Альтия слишком вымоталась, чтобы на ходу разбираться в таких сложностях.
— Ступай в дом, Давад, — сказала она. — Прими ванну и ложись спать. Утро вечера мудренее…
Никогда она не думала, что однажды придется говорить с ним, как с малым ребенком, а вот довелось. Он выглядел таким одиноким. Таким беззащитным…
— Спасибо тебе, — проговорил он тихо. — Ты прямо вылитый отец, Альтия… Мы с ним не всегда и не во всем соглашались, но я неизменно им восхищался. Он никогда не тратил время на пустую болтовню о том, кто виноват и как теперь быть. Он, как ты, просто делал шаг вперед и начинал помогать. — Давад помолчал. — Надо бы послать с тобой мужчину, чтобы домой проводил. Сейчас распоряжусь, чтобы тебе привели лошадь и дали спутника.
Альтия сразу усомнилась, что у него это получится.
Тут приоткрылась дверь, упала узкая полоска света и появилась женщина. Она выглядывала наружу… и молчала, ничего не предпринимая. Альтия вспылила окончательно:
— А ну быстро пришли сюда слугу, чтобы хозяина домой проводил! Шевелись, засоня! Да приготовь горячую ванну и чистое белье переодеться! А потом — чаю хозяину и поесть что-нибудь! Только попроще что-нибудь, не острое и не жирное. А ну бегом!!!
Женщину точно ветром унесло назад в дом. Дверь так и осталась приоткрытой, и Альтия услышала, как женщина пронзительным голосом отдает распоряжения.
— А теперь, — сказал Давад, — ты распоряжаешься в точности как твоя мать… Ты так много сделала для меня. И не только сегодня… Все эти годы… Ты и твоя семья… Как могу я хоть немножко отблагодарить вас? Тебя?
Он выбрал самое неподходящее время, чтобы задать этот вопрос. Мальчишка-конюх как раз подошел к ним, и фонарный свет озарил рабскую татуировку на его щеке, возле носа. Он был одет в короткую изорванную рубашонку. Суровый взгляд Альтии заставил его испуганно съежиться.

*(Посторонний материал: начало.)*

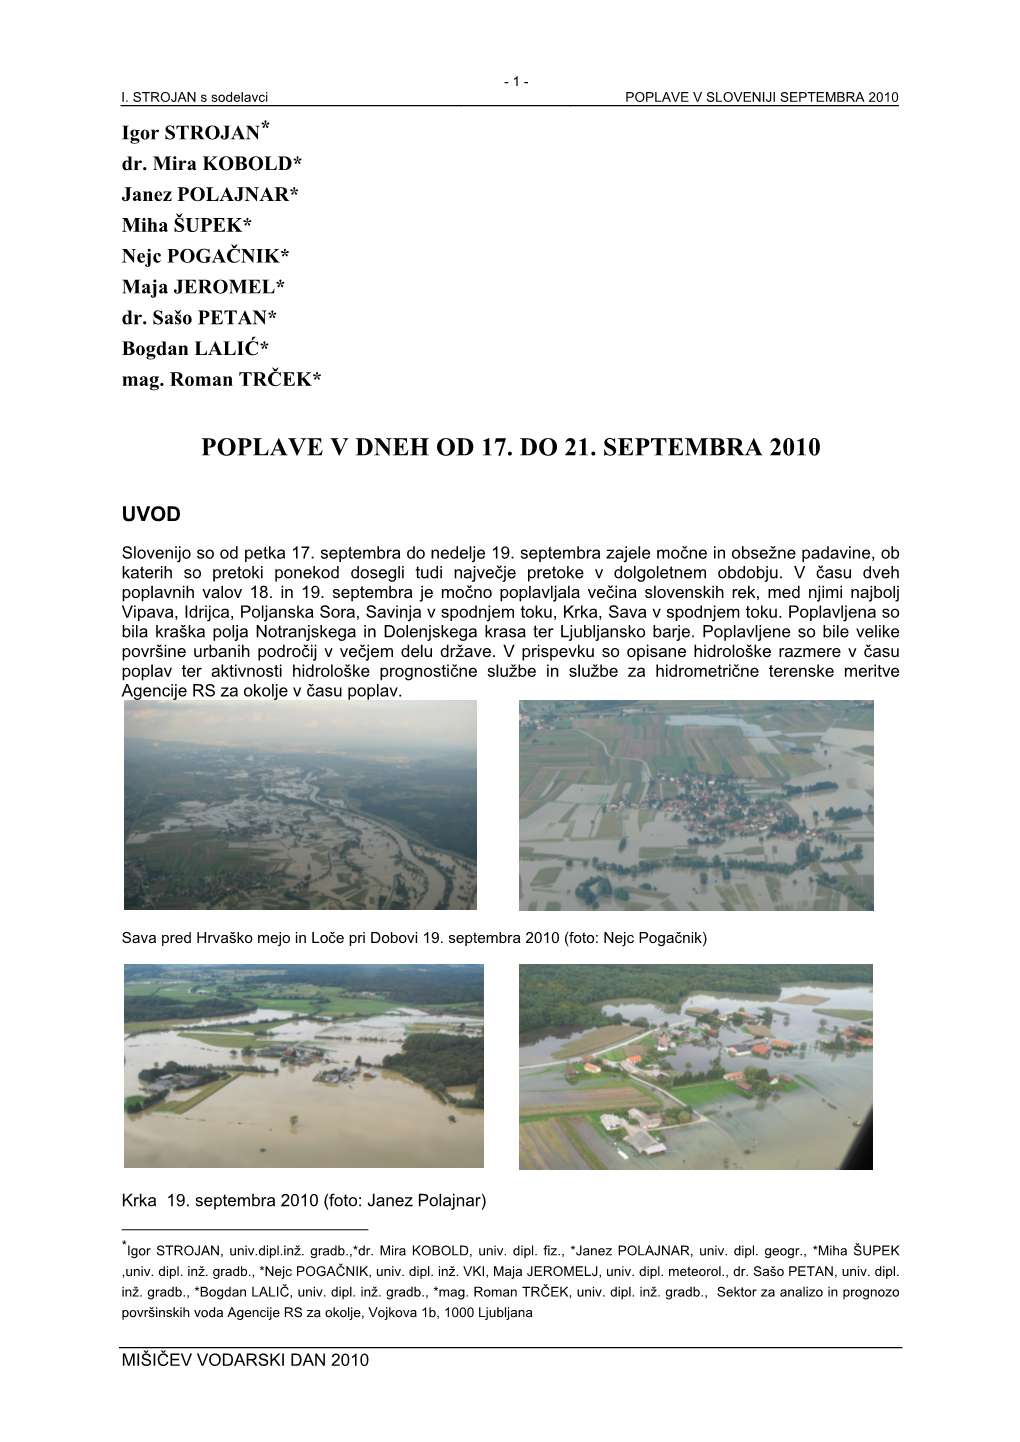 Poplave V Dneh Od 17. Do 21. Septembra 2010

Она произнесла ровным голосом:
— Скажи ему, что он больше не раб.
— Что он… что? — И Давад затряс головой, словно не был уверен, правильно ли расслышал.
Альтия прокашлялась. Все ее сочувствие к Даваду начало стремительно испаряться.
— Скажи. Этому. Мальчишке. Что. Он. Больше. Не раб, — раздельно проговорила она. — Верни ему свободу, тем мне и отплатишь.
— Но я… Нет, ты что, серьезно? Ты знаешь хоть, сколько стоит здоровый мальчишка вроде него? В Калсиде, между прочим, очень гоняются за светловолосыми и голубоглазыми мальчиками, чтобы воспитывать из них слуг для домашних покоев. Я собираюсь подержать его у себя годик и дать необходимое обучение. Представляешь, какая ему тогда будет цена?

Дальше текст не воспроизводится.